= Harry Dolan =

American writer (1927–1981)

Harry Dolan (November 5, 1927 - September 7, 1981) was a writer for and the director of the Watts Writers Workshop created by Budd Schulberg. He started off as a janitor and became one of the most serious African American writers of his time. Through his contributions and efforts in the Watts Writers’ Workshop he raised awareness in the United States' racial conflict during the 1960s.

==Early life and education==
Harry Dolan was born in Pittsburgh and attended Pittsburgh High and Carnegie Tech. Studying to be an architect, he failed because he "couldn't make those curvatures," he said once. During his seven years in the Coast Guard that followed, he had ample time to satisfy his appetite for reading books and "all kinds of writing." After his discharge, he worked as fiction editor of The Boston Sun. Leaving the East for California with his family in 1962, he found a position as a janitor at the Los Angeles City Hall, another job that left his mind free for reading and writing. He was attending Los Angeles Harbor College when the Watts riots erupted in 1965. A reference to Budd Schulberg's Watts Writers Workshop in Jet magazine prompted him to join the workshop.

==Watts Writers Workshop==
"The Workshop participants had one thing in common: a desire to write—poetry, essay, and stories based on life experiences. Often their writings laid bare ‘the angers, fears, frustrations’ of the people living in Watts". In 1966 Harry Dolan, along with Schulberg and Johnie Scott, testified before "the Ribicoff Committee of the United States Congress, which was investigating urban dislocation and the problems of African Americans living in American cities". This was just one of the redefining opportunities that the Workshop created for themselves that year.
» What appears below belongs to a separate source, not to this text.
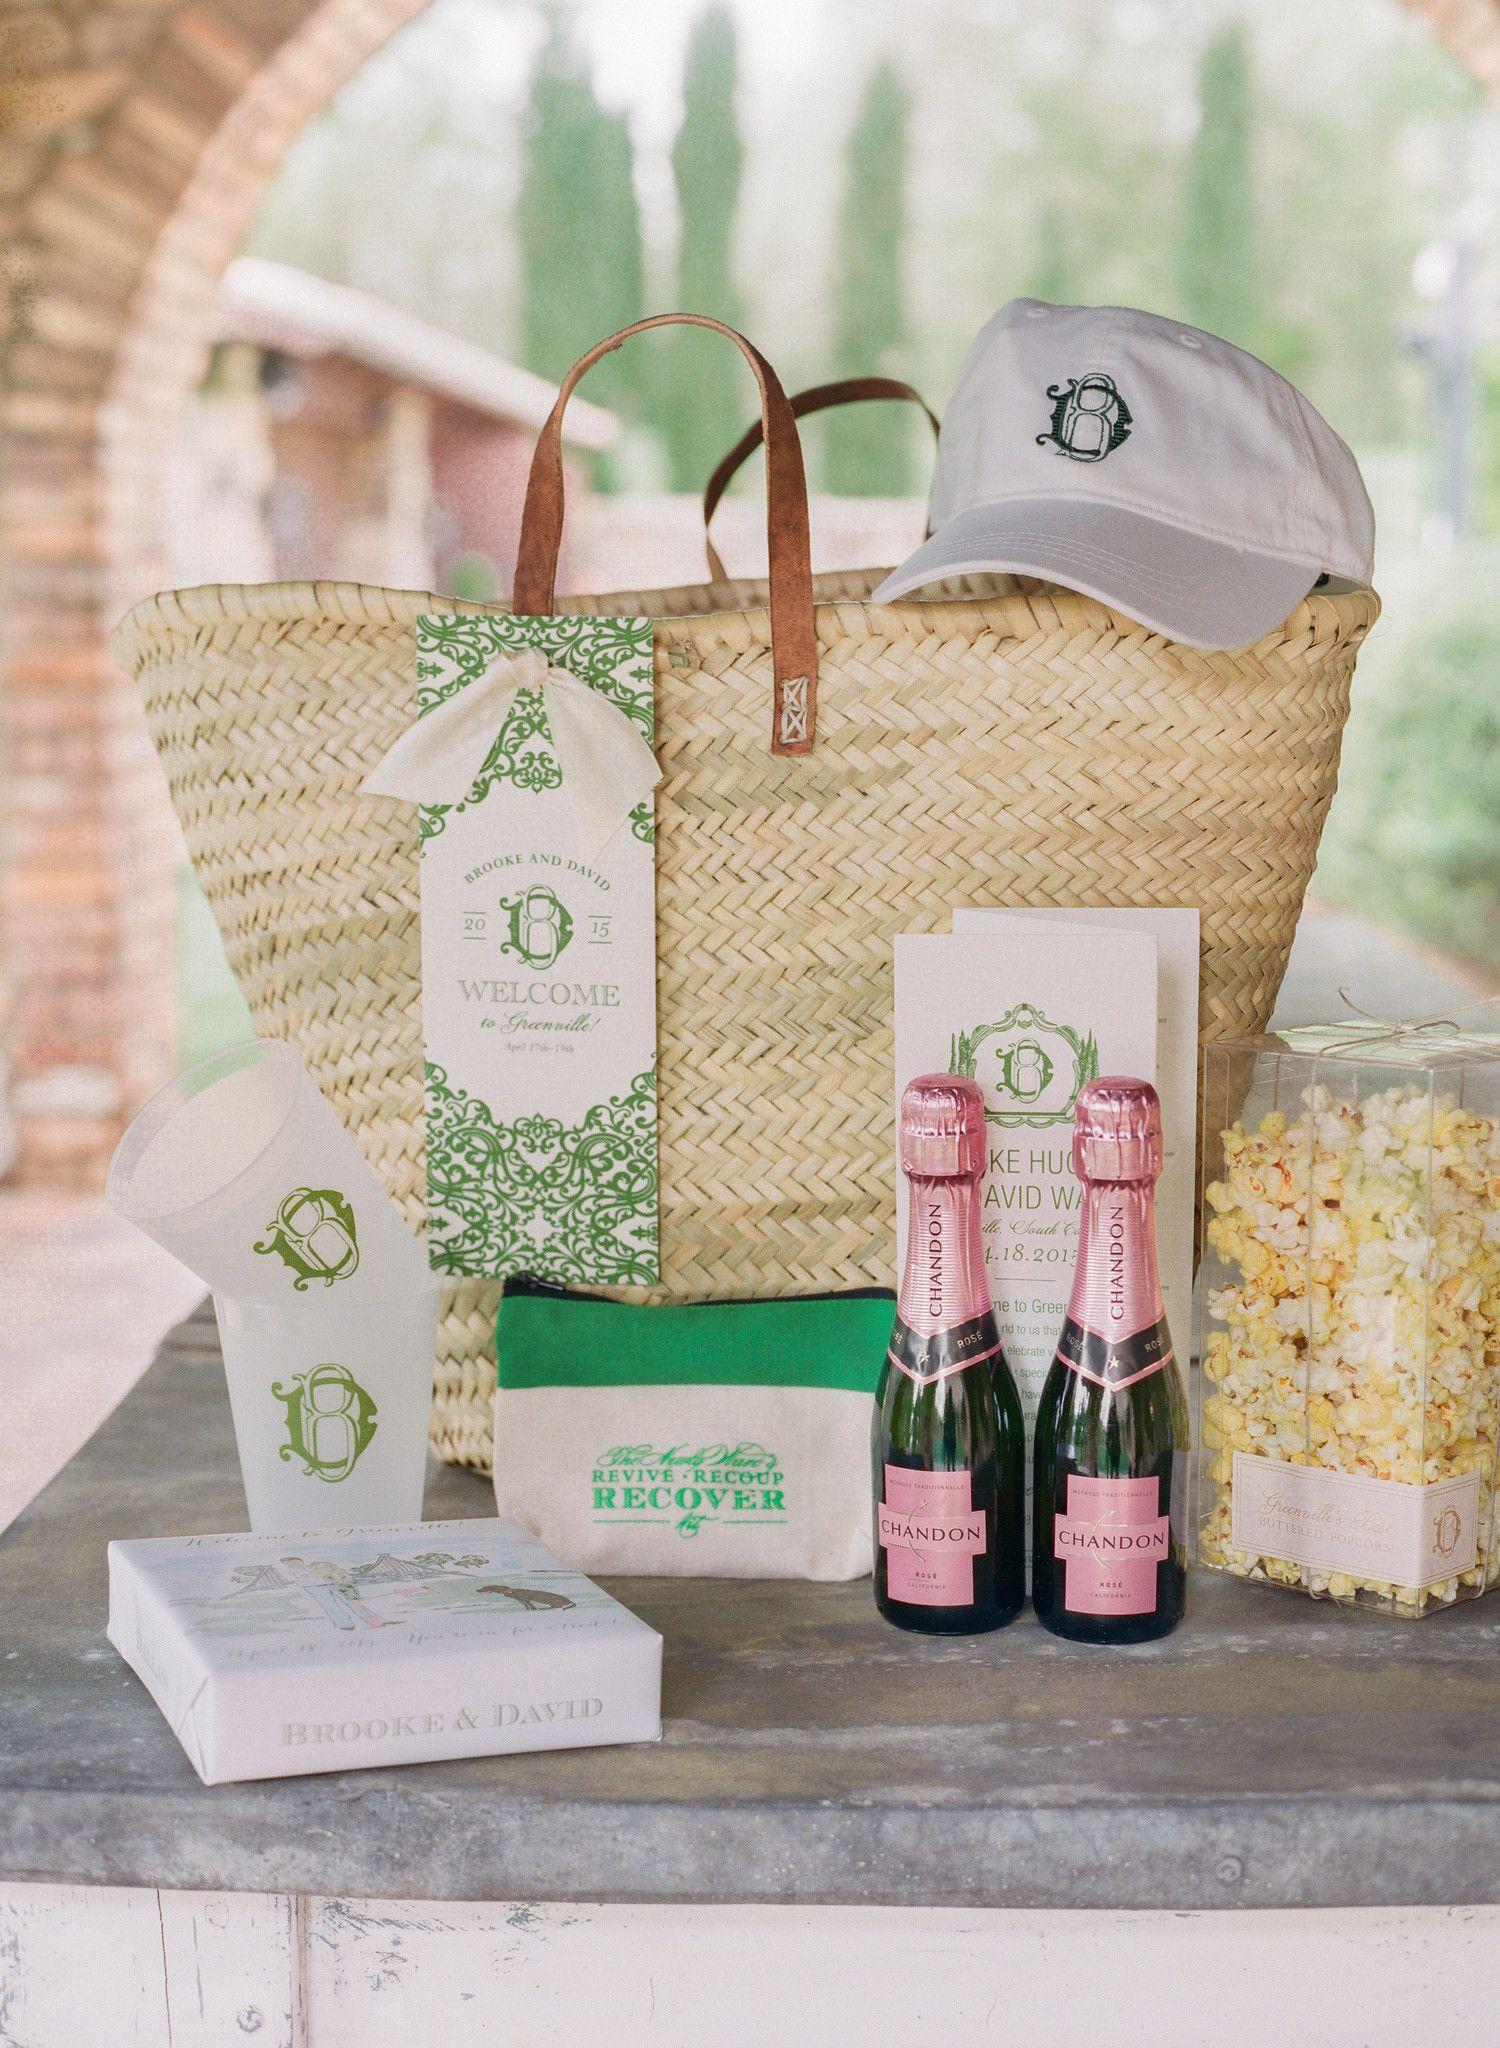 Healthy Ideas For Wedding Welcome Baskets | POPSUGAR Fitness

"The individual words of the writers in the Workshop changed the perception of post-1965 Watts from the National Guard—studded streets to an active arena of spiritual and cultural struggle". In his "short prose piece," Will There Be Another Riot in Watts? Dolan's writing style gave a voice to the topic of "cultural blindness toward 'injustice'". The author drew "attention to the severity of the issue," and ultimately, "achieved a forum".

===Rise and success===
As the success of the Workshop grew, it "drew the attention of the Los Angeles press". As a result, "NBC TV devoted an hour of prime time to present 'The Angry Voices of Watts’ on August 16, 1966'". Among the writers, Harry Dolan made a name for himself with his plays, specifically his teleplay Losers and Weepers, which was originally written for Mystery Digest and had a cast of white characters and a plot "about a poor family, where the young boy decided to go for the money. At the time the emphasis was on the missing money—that was the magazines interest". Criticism from Workshop participants made Dolan change the plot to one depicting the "frustrations and impotence of a Negro family's life in an urban ghetto". The play highlighted the "oppressive, destructive possibilities of the Negro slum matriarchy". In February 1967, Losers and Weepers was broadcast on national television as the first episode of NBC Experiment in Television.

Losers and Weepers was the start to Dolan's success. Shortly after the play became a hit he was "signed by Warner Bros. Seven Arts to adapt the Broadway show 'No Strings' to the screen".

In 1970, Dolan and writer/singer Dee Dee McNeal produced Dolan's play The Iron Hand of Nat Turner. "The play recounted the story of an 1831 Virginia slave rebellion from the point of view of its leader, preacher, and slave, Nat Turner".
Dolan, besides looking after his wife and six children, was also deeply involved in the Watts writers' personal lives. He created leaders out of "men and women trying to make their way in the community as artists". Through his mentoring, he molded Workshop writers such as Amde and Otis (both of The Watts Prophets), making "Amde assistant director, and [asking] Otis to take over as the poetry and creative writing instructor".